HABER

Başkentte "tanı skandalı"

Başkentte "tanı skandalı"

Son yıllarda mantar gibi çoğalan ve oldukça eski tıbbi cihazlarla hizmet veren görüntüleme merkezleri, hastalıklara yanlış teşhis koyuyor. Fazla vatandaşa bakma uğruna kalitesiz görüntü ile çalışan merkezlerin son kurbanı Telekomünikasyon Kurumu Strateji Daire Başkanı Mehmet Altuner oldu.

Altuner'in hayatı, sırtındaki ağrıların sebebini öğrenmek için çektirdiği MR sonrası değişti.
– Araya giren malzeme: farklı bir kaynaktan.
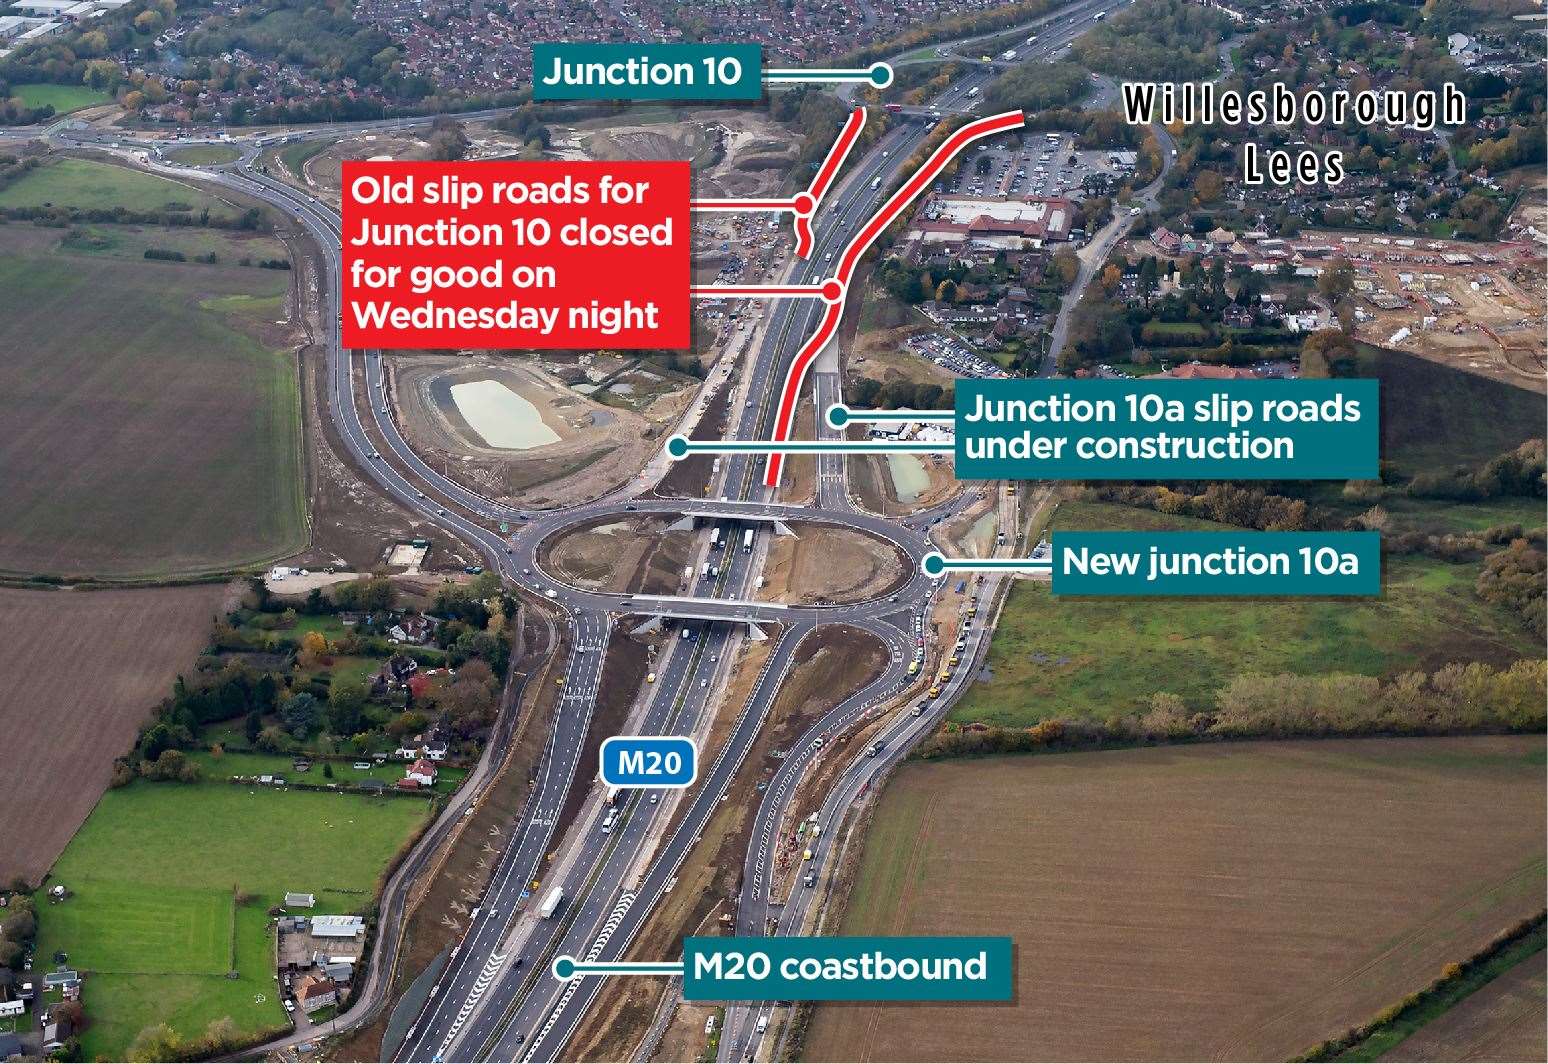 The coastbound on-slip and London-bound off-slip at Junction 10 closed earlier this year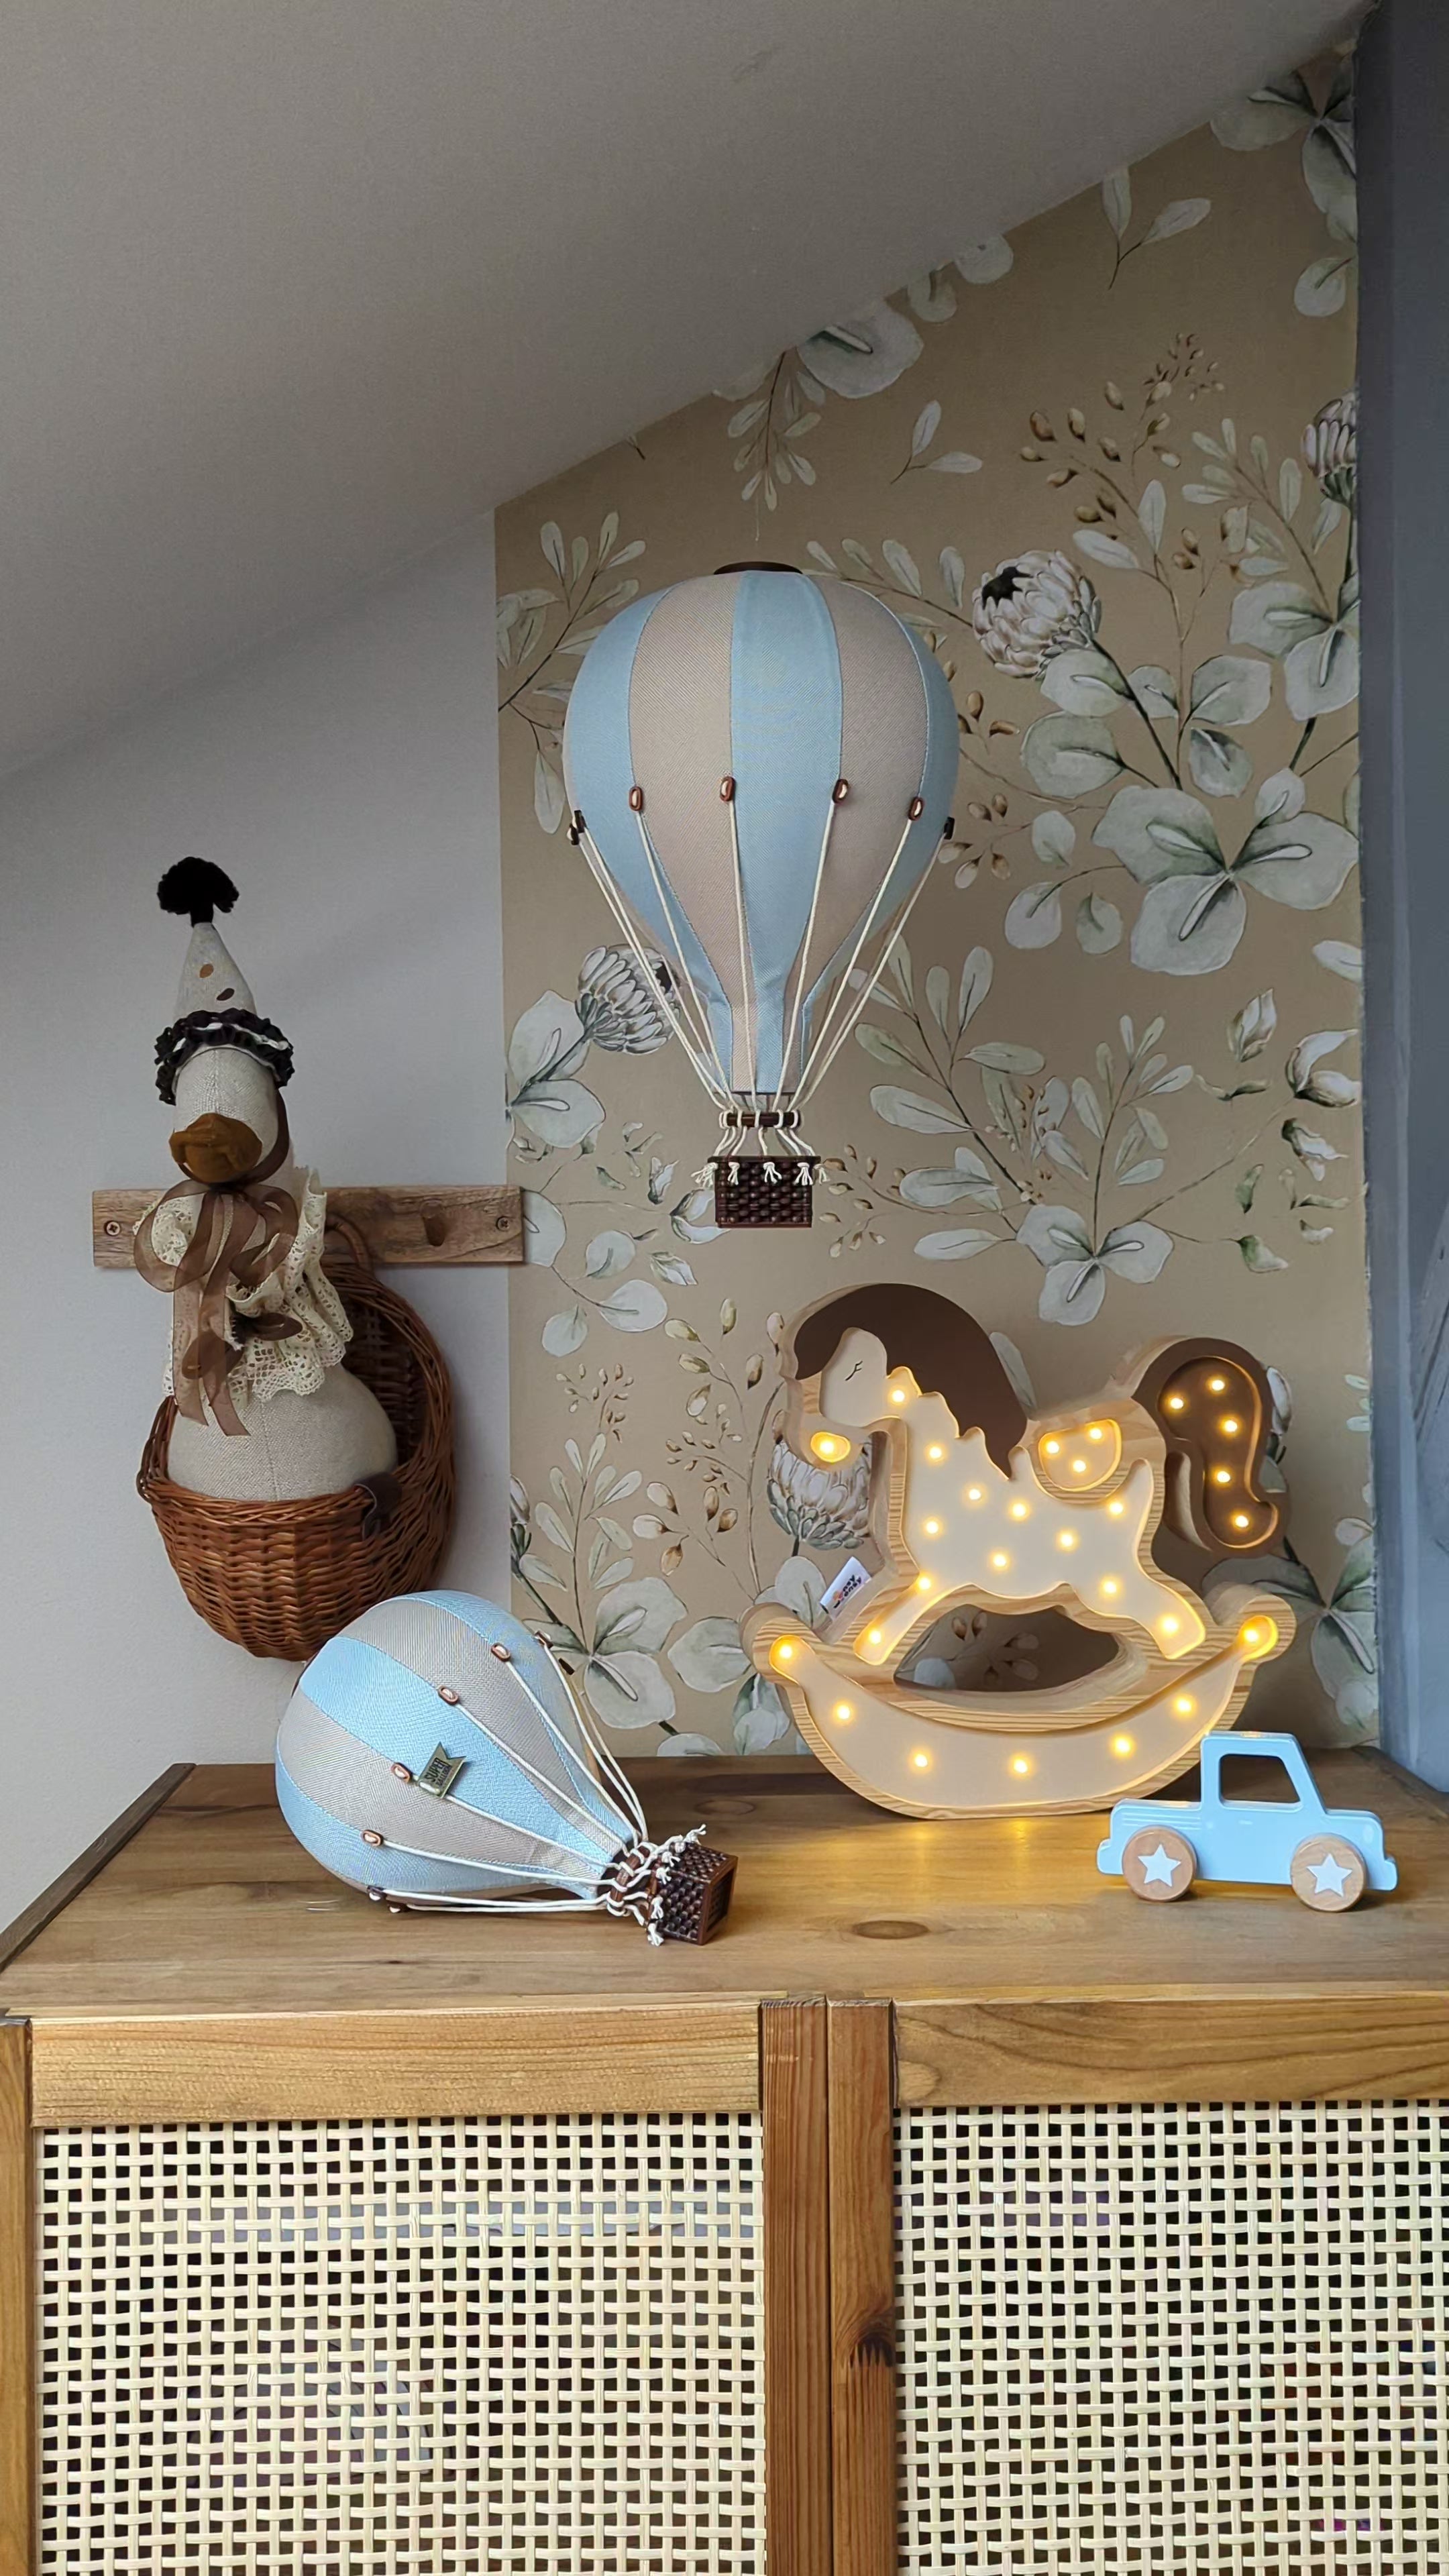 Beige and Blue Decorative Hot Air Balloon (3 Sizes Available)

Bir özel görüntüleme merkezinde 'bel fıtığı' teşhisi konan Altuner'e 21 gün boyunca fizik tedavi uygulandı. Talihsiz adam dayanılmaz ağrılarının azalmasını beklerken tam tersine daha da artan ve tüm vücuduna yayılan sızılar nedeniyle bir ay boyunca büyük acılar yaşadı. Adım dahi atamaz, nefes alamaz hale gelen hasta, bu kez başka bir özel görüntüleme merkezine giderek aynı bölgenin filmini çektirdi.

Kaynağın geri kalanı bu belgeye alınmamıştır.